SUMMARY OF THE INVENTION
[0009] A semiconductor device of an aspect of the invention
includes: a transistor containing a first semiconductor layer of a
first conductivity type and a drift layer formed in a device region
on the first semiconductor layer, the drift layer having a pillar
structure in which a second semiconductor layer of the first
conductivity type and a third semiconductor layer of a second
conductivity type are alternately disposed in a direction parallel
to a surface of the first semiconductor layer; a fourth
semiconductor layer of the first conductivity type and a fifth
semiconductor layer of the second conductivity type formed in a
first device periphery region on the first semiconductor layer, the
first device periphery region being adjacent to the device region
and surrounding the device region, the fourth and the fifth
semiconductor layers being alternately disposed and parallel to the
drift layer, the fifth semiconductor layer having a larger amount
of impurities than the fourth semiconductor layer; an electrode
layer formed on the fourth and the fifth semiconductor layers with
an insulating film interposed in between; and a sixth semiconductor
layer of the first conductivity type and a seventh semiconductor
layer of the second conductivity type formed in a second device
periphery region on the first semiconductor layer, the second
device periphery region being adjacent to the first device
periphery region and surrounding the first device periphery region,
the sixth and the seventh semiconductor layers being alternately
disposed and parallel to the fourth and the fifth semiconductor
layers, the seventh semiconductor layer having a smaller amount of
impurities than the sixth semiconductor layer.
BRIEF DESCRIPTION OF THE DRAWINGS
[0010] FIG. 1 is a cross-sectional view schematically showing a
structure of a peripheral portion of a semiconductor device
according to a first comparative example of the invention.
[0011] FIG. 2 is a plan view schematically showing a structure
including a peripheral corner portion of a semiconductor device
according to an embodiment of the invention.
[0012] FIGS. 3A and 3B are views schematically showing a structure
of a peripheral portion of the semiconductor device according to
the embodiment of the invention, in which FIG. 3A is a
cross-sectional view taken along the line A-A in FIG. 2 and FIG. 3B
is a cross-sectional view taken along the line B-B in FIG. 2.
[0013] FIG. 4 is a cross-sectional view schematically showing the
structure of the peripheral portion of the semiconductor device
according to the embodiment of the invention, which shows a state
where p-type impurities are excessively doped.
[0014] FIG. 5 is a cross-sectional view schematically showing the
structure of the peripheral portion of the semiconductor device
according to the embodiment of the invention, which shows a state
where n-type impurities are excessively doped.
[0015] FIG. 6 is a view schematically showing, as well as allowable
ranges of comparative examples, an allowable range of a ratio of
amounts of impurities in an n-type pillar layer and a p-type pillar
layer, the allowable range ensuring a withstand voltage of the
semiconductor device according to the embodiment of the
invention.
[0016] FIGS. 7A to 7C are cross-sectional views schematically
showing aspects of pillar layers of a semiconductor device
according to a first modification of the embodiment of the
invention.
[0017] FIG. 8 is a cross-sectional view schematically showing a
structure of a device region of a semiconductor device according to
a second modification of the embodiment of the invention.
DETAILED DESCRIPTION OF THE INVENTION
[0018] It is a fact that a semiconductor device formed as a MOSFET
having a super junction (SJ) structure reduces a withstand voltage
attributable to a variation in a manufacturing process.
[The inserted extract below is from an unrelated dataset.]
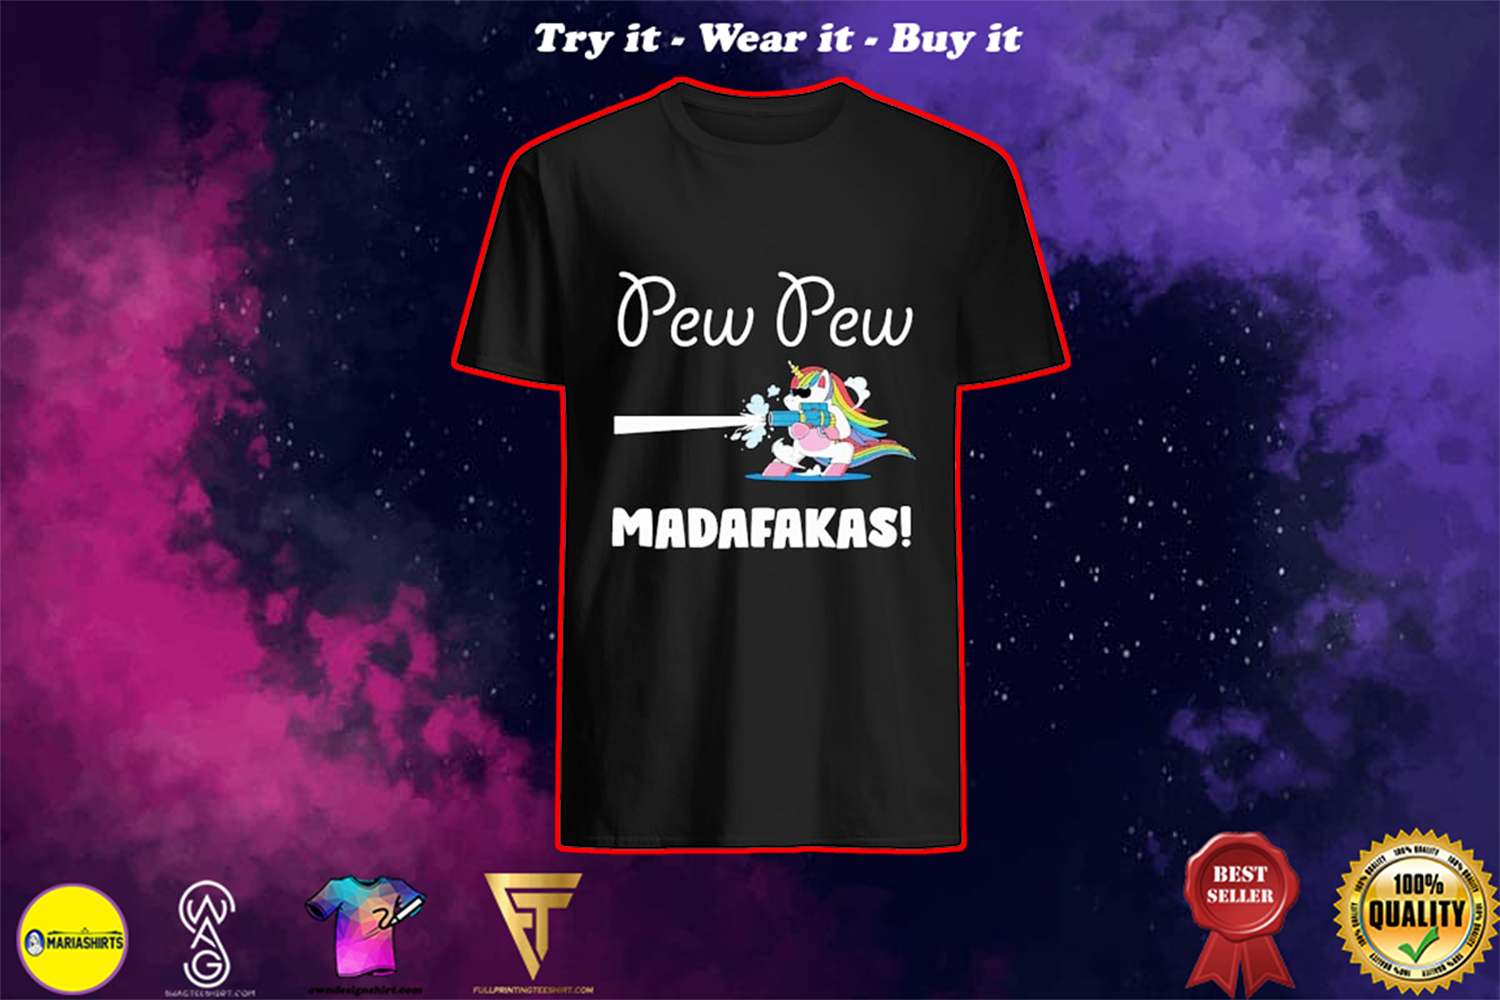 pew pew madafakas unicorn shirt - the limited edition

To address
the above fact, the inventors have studied a structure in which the
withstand voltage is less affected by variations in the amounts of
impurities in n-type pillar layers and in p-type pillar layers.
[0019] As shown in FIG. 1, a semiconductor device 101 as a first
comparative example includes a device region 6. The device region 6
has an n.sup.+-type drain layer 10, n-type pillar layers 11 and
p-type pillar layers 21 disposed on the n.sup.+-type drain layer 10
and alternately arranged in a direction parallel to a surface of
the n.sup.+-type drain layer 10, a drain electrode 47 electrically
connected to the n.sup.+-type drain layer 10, a p-type base layer
31 selectively formed in surfaces of the n-type pillar layers 11
and surfaces of the p-type pillar layers 21, an n.sup.+-type source
layer 33 selectively formed in a surface of the p-type base layer
31, a source electrode 41 electrically connected to the p-type base
layer 31 and the n.sup.+-type source layer 33, and a gate electrode
43 formed on the p-type base layer 31, the n.sup.+-type source
layer 33, and the n-type pillar layers 11 with a gate insulating
film 51 interposed in between. The semiconductor device 101 also
includes a device periphery region 107. The device periphery region
107 surrounds the device region 6. The device periphery region 107
has n-type pillar layers 13 and p-type pillar layers 23 disposed on
the n.sup.+-type drain layer 10 and arranged parallel to the n-type
pillar layers 11 and the p-type pillar layers 21 in a way that two
different conductivity types are arranged by turns. The device
periphery region 107 also has a field plate electrode 44 disposed
in a region close to the device region 6 and on a side opposite of
the n-type pillar layers 13 and the p-type pillar layers 23 from
the n.sup.+-type drain layer 10 with an interlayer insulating film
53 interposed in between.
[0020] The semiconductor device 101 further includes an n-type
semiconductor layer 12 located on the outer side (on the opposite
side from the device region 6) of the n-type pillar layers 13 and
the p-type pillar layers 23 which are alternately disposed, an
n.sup.+-type channel stopper layer 35 located in a surface of the
n-type semiconductor layer 12 on an outer peripheral portion near
the interlayer insulating film 53, and an equipotential ring 45
located on the n.sup.+-type channel stopper layer 35. The n-type
semiconductor layer 12 has a similar impurity concentration to
impurity concentrations of the n-type pillar layers 11, 13. The
n-type pillar layers 13 and the p-type pillar layers 23 in the
device periphery region 107 are arranged so as to protrude toward
the equipotential ring 45 out of a plan position on an end of the
field plate electrode 44 on the equipotential ring 45 side.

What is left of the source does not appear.